Oggi più che mai, cadute le visioni nazionaliste a favore di uno sguardo europeista e internazionale, si è disfatta una barriera e si è più propensi a stemperare la concezione francocentrica della storia della pittura europea del XIX secolo. Questo lo si dice, senza sminuire la portata universale del messaggio impressionista, a evidenziare con maggiore oggettività i nessi vitali e fecondi del dialogo culturale tra i popoli che hanno contribuito all’evoluzione della civiltà e dell’arte europea.
In questo contesto la vicenda dei Macchiaioli assume una rilevanza ancora più interessante, così come la Toscana, terra di elezione per loro esperienza artistica con l’apice insuperato del Rinascimento. Questi pittori appaiono dunque per ciò che sono effettivamente stati, ovvero la chiave di un dialogo aperto, propositivo, onesto e audace con le più importanti comunità artistiche dell’Europa del tempo.

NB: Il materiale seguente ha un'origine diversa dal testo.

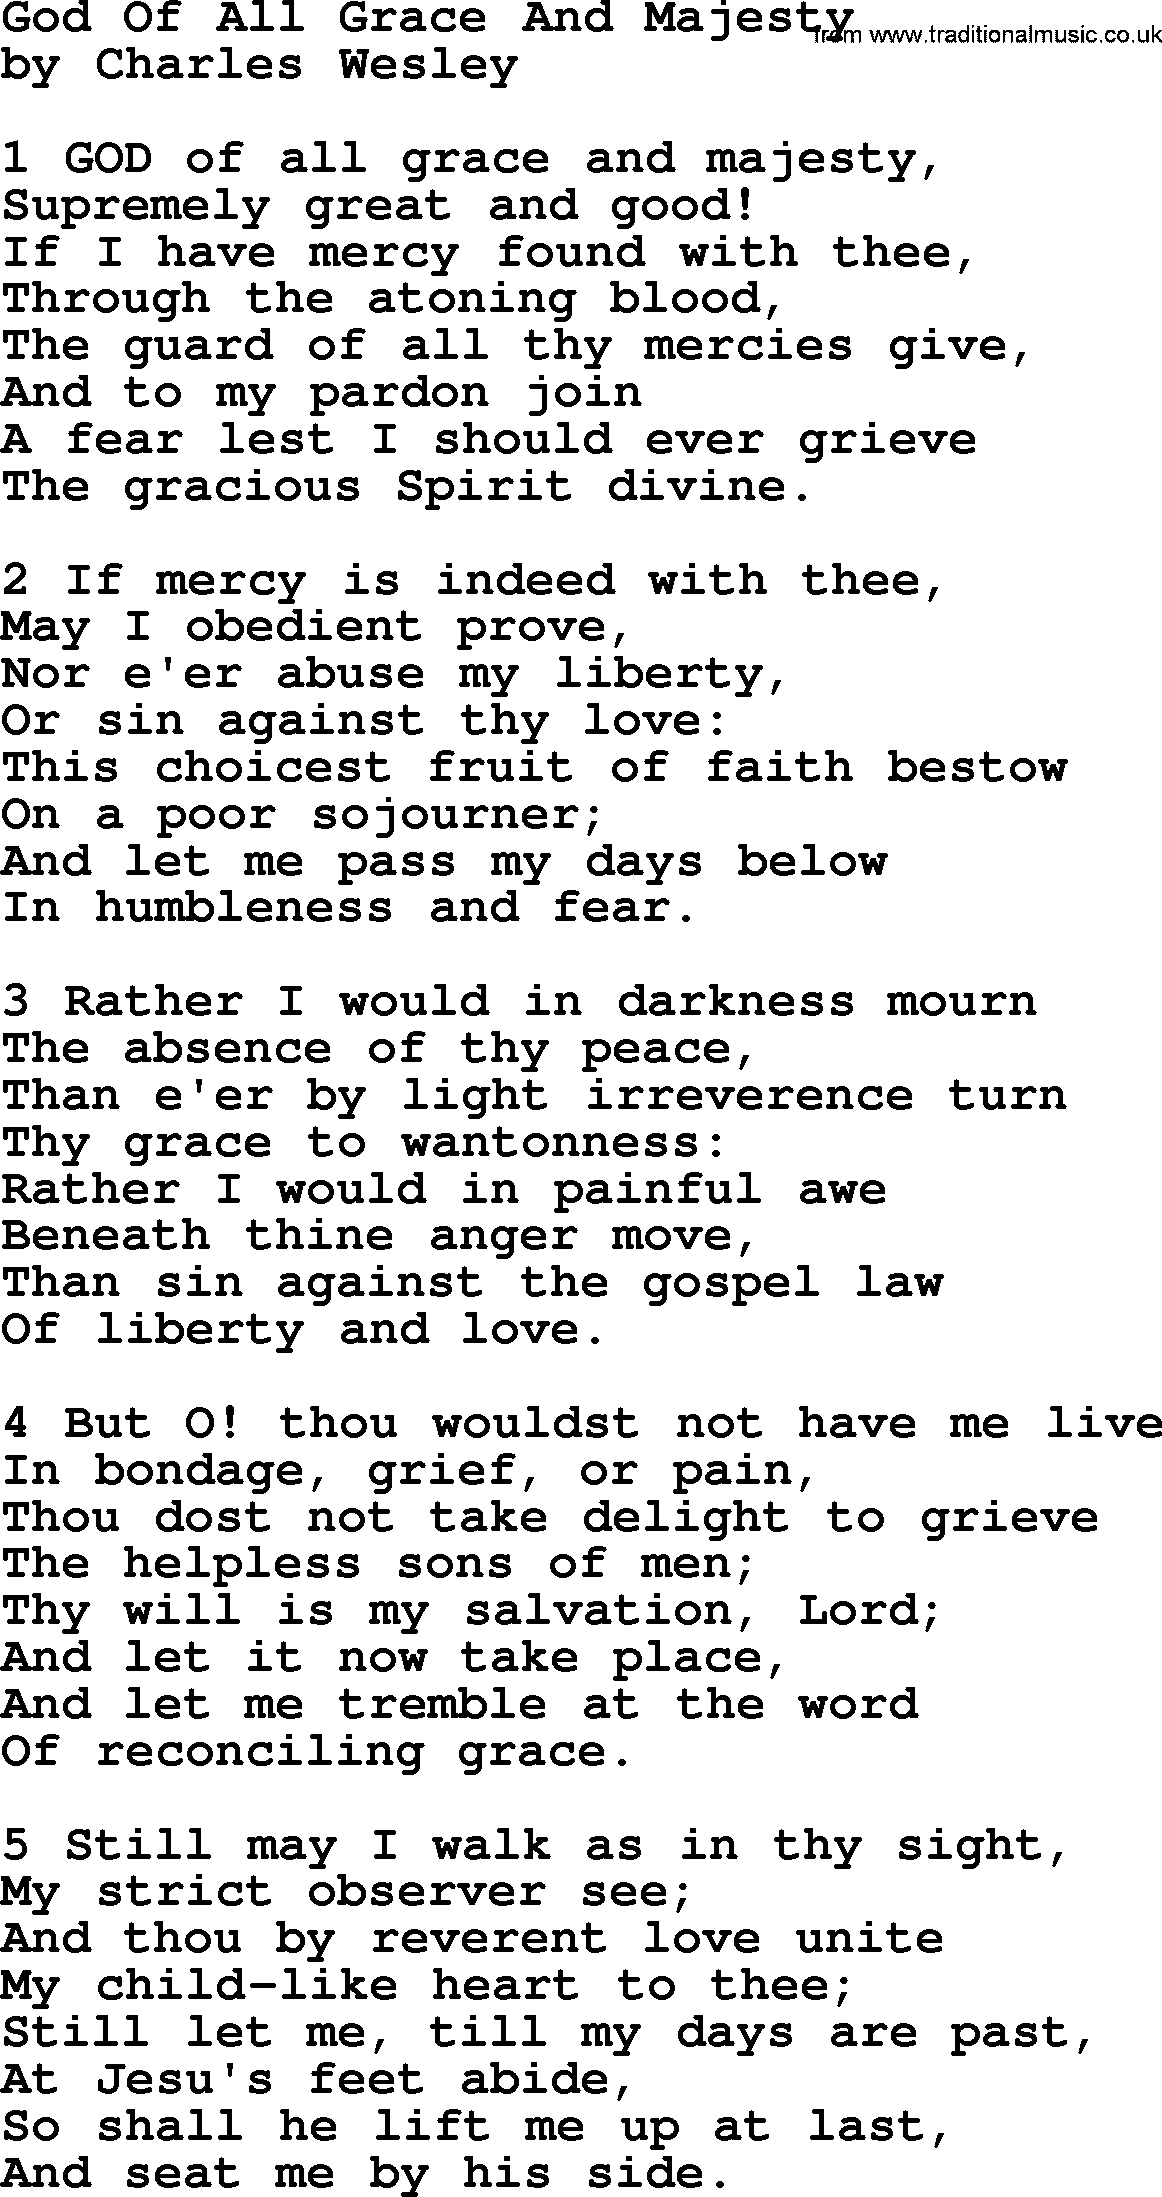 Charles Wesley hymn: God Of All Grace And Majesty, lyrics

Il termine “Macchiaioli” fu coniato nel 1862 da Giuseppe Riguttini, come già ricordato, che così definì questi pittori: «Nelle teste delle loro figure voi cercate il naso, la bocca gli occhi e le altre parti: voi ci vedete delle macchie senza forma. Il naso, la bocca e gli occhi ci sono, basta immaginarseli!». Questi pittori intorno al 1855 – riunitisi nel Caffè Michelangelo di Firenze –  avevano dato origine a un rinnovamento in chiave anti accademica della pittura italiana in senso realista. L’accezione macchiaioli ovviamente era ironica e giocava su un particolare doppio senso: darsi alla macchia infatti, significa agire furtivamente, ma anche per la maniera di usare il colore per “macchie” disposte l’una acconto all’altra.

Prendere le distanze

L’esposizione a palazzo Blu, articolata in undici sezioni, racconta dunque l’eccitante avventura di un gruppo di giovani pittori progressisti, toscani e desiderosi di prendere le distanze dall’istituzione accademica nella quale si erano formati, sotto l’influenza di importanti maestri del Romanticismo come Giuseppe Bezzoli e Francesco Hayez.  Essi giungono in breve tempo a scrivere una delle più poetiche e audaci pagine della storia dell’arte non solo italiana.
Ed è proprio per via dei valori universali che la sottendono che l’arte dei Macchiaioli risulta così attuale, affascinando con la pienezza formale e poetica di straordinari capolavori indelebilmente impressi nella memoria collettiva. Dalle Cucitrici di camicie rosse di Odoardo Borrani, a Il canto di uno stornello di Silvestro Lega, alla Battaglia di Magenta di Giovanni Fattori che spicca nella sezione dedicata alla Seconda guerra d’indipendenza. Lo sguardo intimo sulla realtà a loro contemporanea, la visione antieroica e profondamente umana che i Macchiaioli ebbero del Risorgimento incantarono anche il mondo del cinema, a principiare da Luchino Visconti fino a Martin Scorsese.
La mostra di palazzo Blu raccoglie le opere “chiave” di questo percorso allo scopo di cadenzare i diversi momenti della ricerca dei Macchiaioli, il loro confrontarsi con altri artisti e con le diverse scuole pittoriche europee; i loro smarrimenti, la capacità di mettersi collettivamente in discussione e di sterzare, se necessario, il timone per proseguire sulla strada del progresso e della modernità, senza per questo abbandonare mai la via maestra della luce e del colore. Il pubblico dei visitatori troverà le risposte alle domande più ricorrenti: perché i Macchiaioli sono nati in Toscana, possono essi ritenersi i pittori del Risorgimento? Perché sono considerati un’avanguardia europea? 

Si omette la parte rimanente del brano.